● **Data provided**
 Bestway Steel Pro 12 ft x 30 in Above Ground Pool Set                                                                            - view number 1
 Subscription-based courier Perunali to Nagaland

...

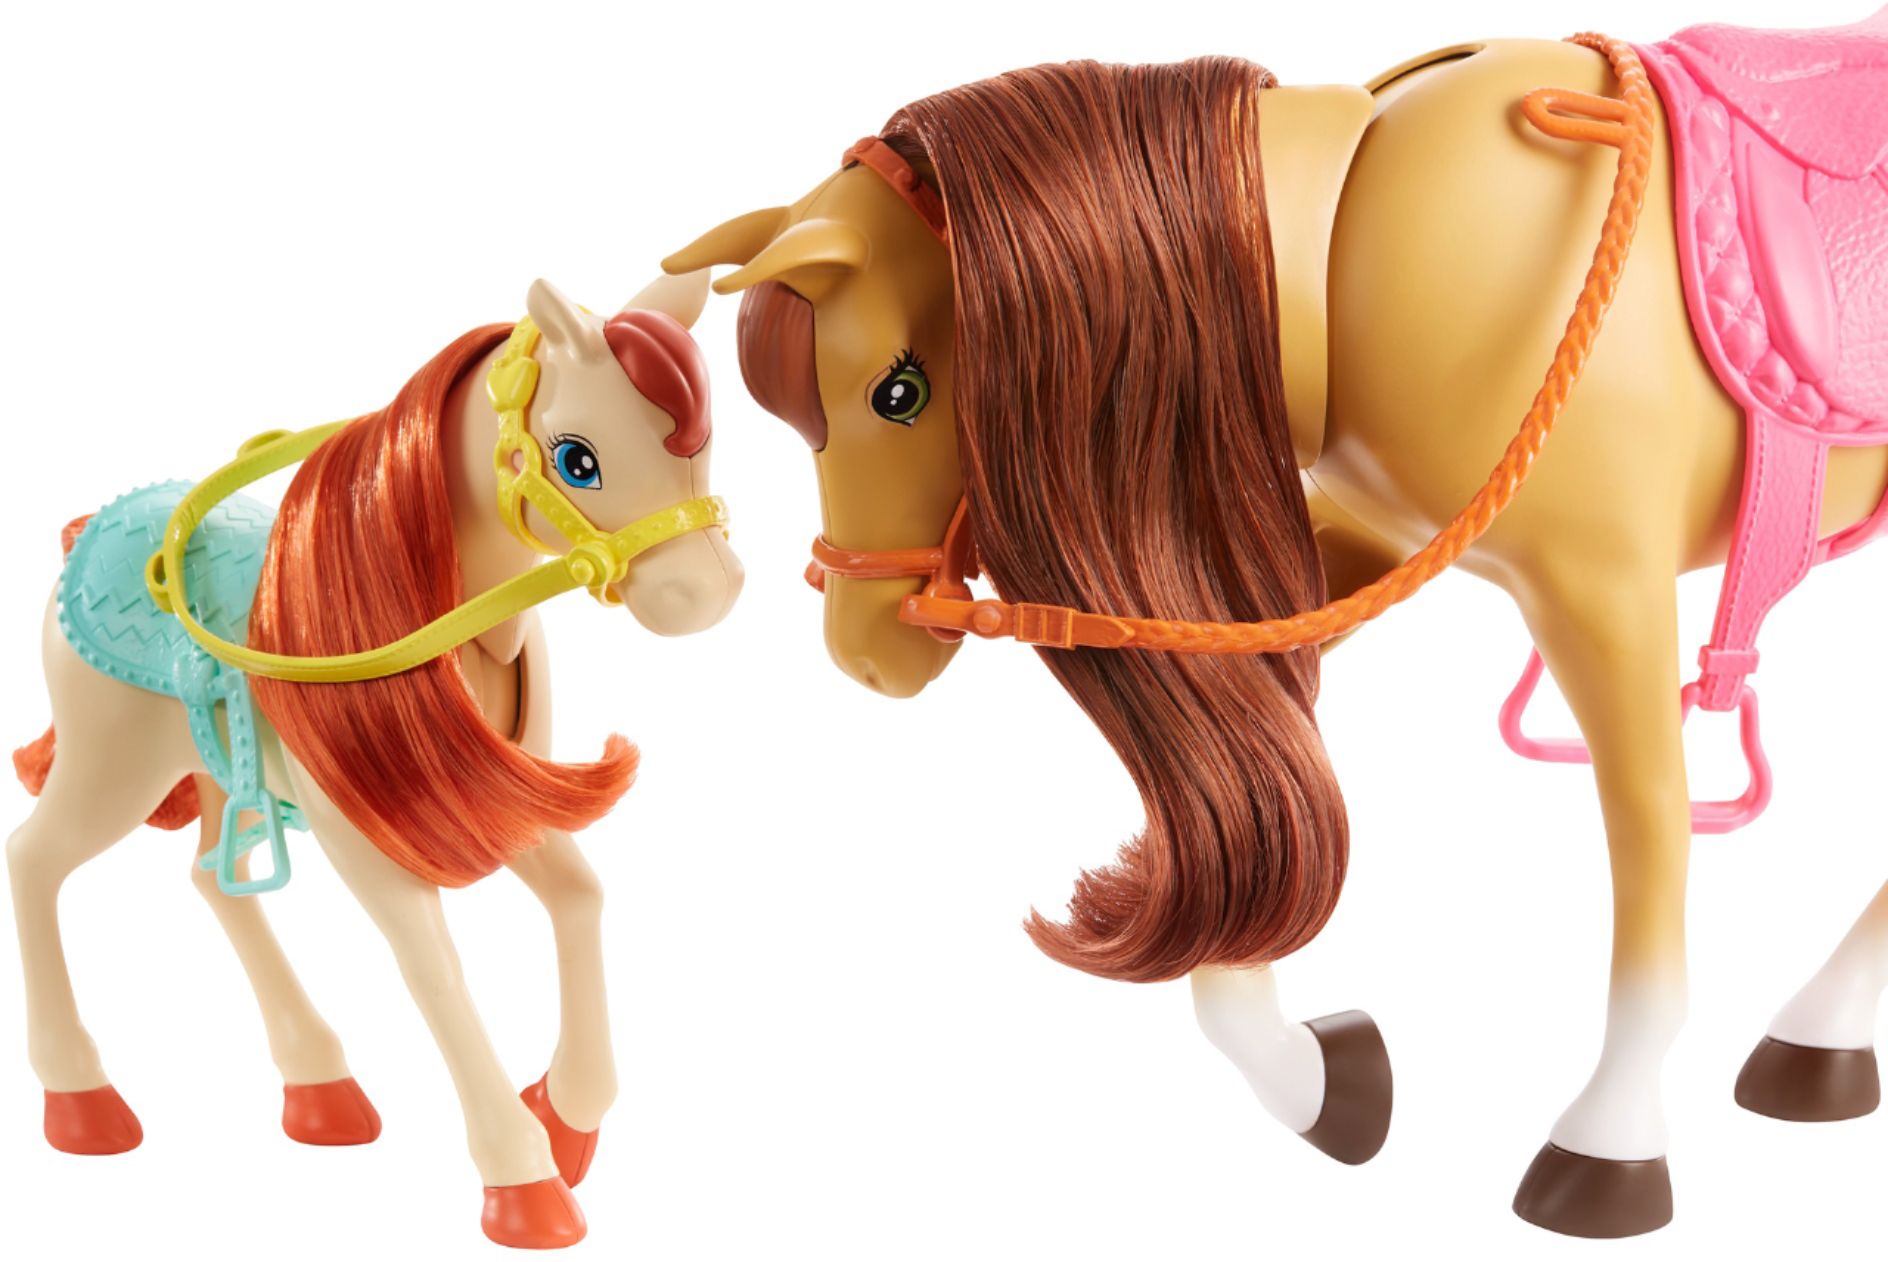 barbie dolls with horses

● **Your instructions**
Please give an exact copy of the entries above, from the line with "Bestway Steel Pro" down to the line with "Subscription-based courier Perunali", inclusive, and nothing else.

● **Response to the task**
 Bestway Steel Pro 12 ft x 30 in Above Ground Pool Set                                                                            - view number 1
 Subscription-based courier Perunali to Nagaland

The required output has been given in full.